Check this out in the mean time: Leo Burnett’s design studio. You will be impressed with the design, variety of user-interface solutions and visual effects.

I fancy the idea of making non-linear interfaces and avoiding menu-ish look. The existing paradigm has turned into habits of our users already and its dearly hard to break this stereotype. The more applications we write, the more our users go down into the swamp of their stereotypes. The sites (which are also the applications of some sort), like Leo Burnett’s, is a lot of fun to the visitor not only for its fancy graphics, but also for its navigation approach. It doesn’t grate on your eyes since it looks unusual and surprising at first. Two minutes of education and you are “operating” the site, like a pro, since it’s still intuitive and easy to learn.

When you are in “free flight”, it’s hard to maintain overall style and paradigm of your user interface because you aren’t bounded in your choices and it’s up to you how your creation will look and feel. There are no rules and limitations. In case of traditional menu-dialog interfaces we have a very limited set of tricks and objects to operate with and it makes every user half-way familiar with any application even before the start as it’s not required to learn how to work with an application, but only how to get most of it. Is that good or bad?

On one hand, of course, your aim is not learning an application graphical user interface, but using the application to help turning up trumps in some activity of yours. And, no doubts, having usual-looking interface is of a great help. But what if the performance is bounded and limited with the interface solution?

Rack Patching

Lots of applications now days explore the new area of untraditional interfaces. Just take a look at the Propellerheads Reason. The picture shows the back of two-sided application screen, the front one is of course with lots of switches and knobs (see it yourself on the site). As it deals with creating music, the whole thing is presented in form of a rack, which can be filled with different modules. Surely the modules you place require some connection between each other to route sounds from the sources into effects modules and finally to the output mixer. But this routing doesn’t happen through menu or properties dialog boxes — it mimics the existing and most natural way of connecting things through the wires. In fact, the application has extremely limited number of dialog boxes which keeps it on top of usability and performance. Once you learn ten most helpful (to you) shortcuts, you start to create sounds and route the signals like a mad and it helps you to perform better and quicker. Isn’t that what we had started with?

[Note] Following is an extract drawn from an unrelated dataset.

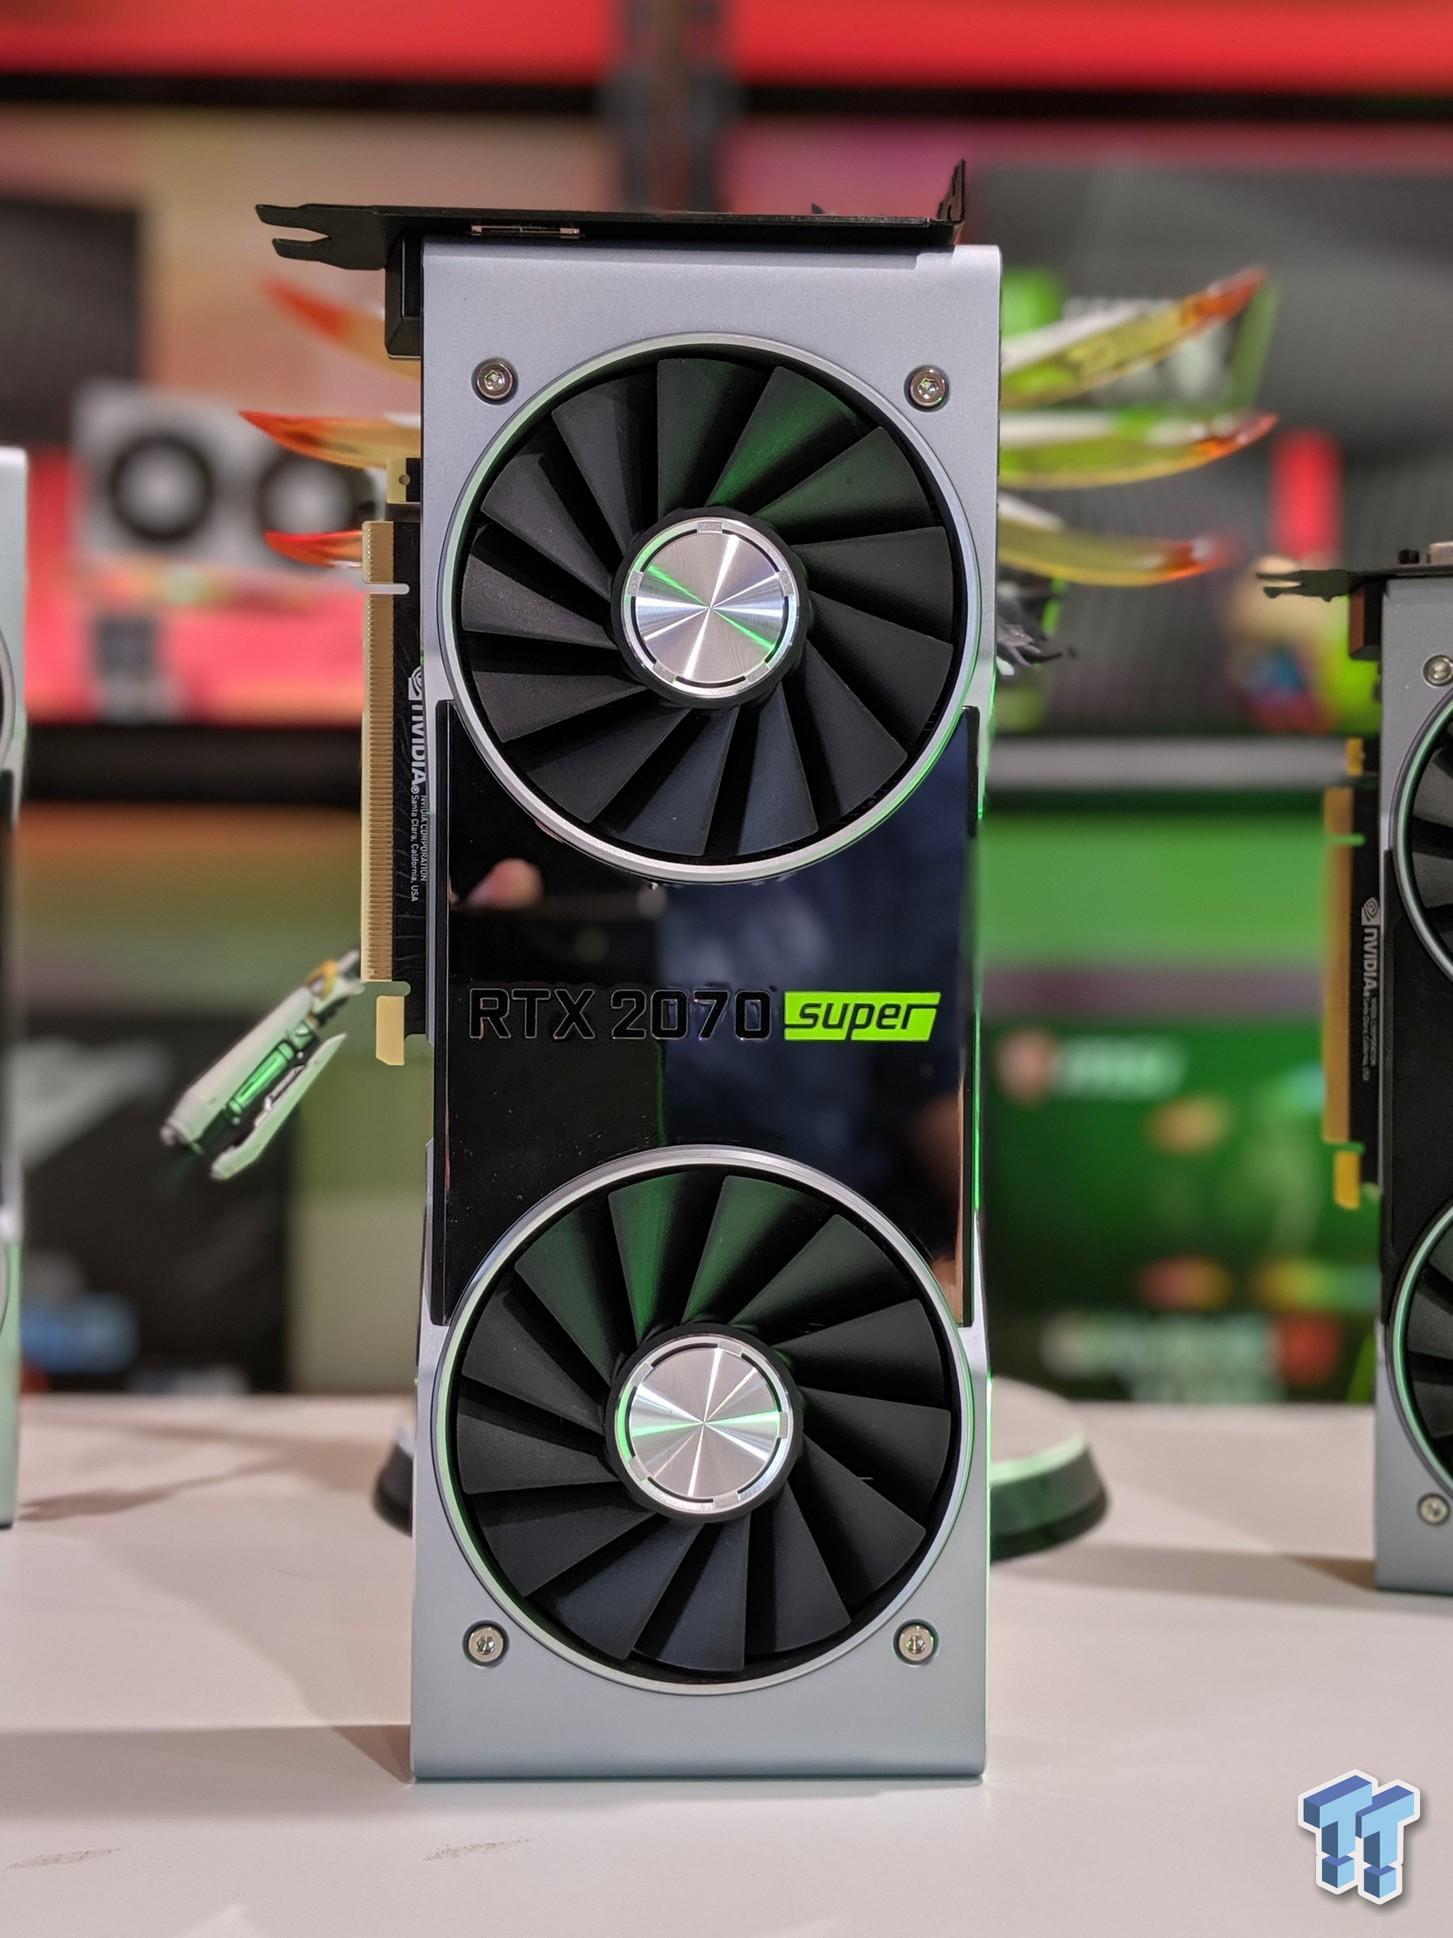 NVIDIA GeForce RTX 2070 SUPER: TITAN Xp Performance For $499

Well, it was one of them from top of the head and I’m sure that you know more. What’s always left is a hope. The hope that at some moment this fantastic unprecedented growth of hardware performance will do its job and we will find ourselves in the future where there’s no menus, scroll-bars and notification areas; where we will need no mice, and especially single-buttoned. We have almost concured the virtual space in gaming and still pushing buttons on silly dialog boxes. What a shame!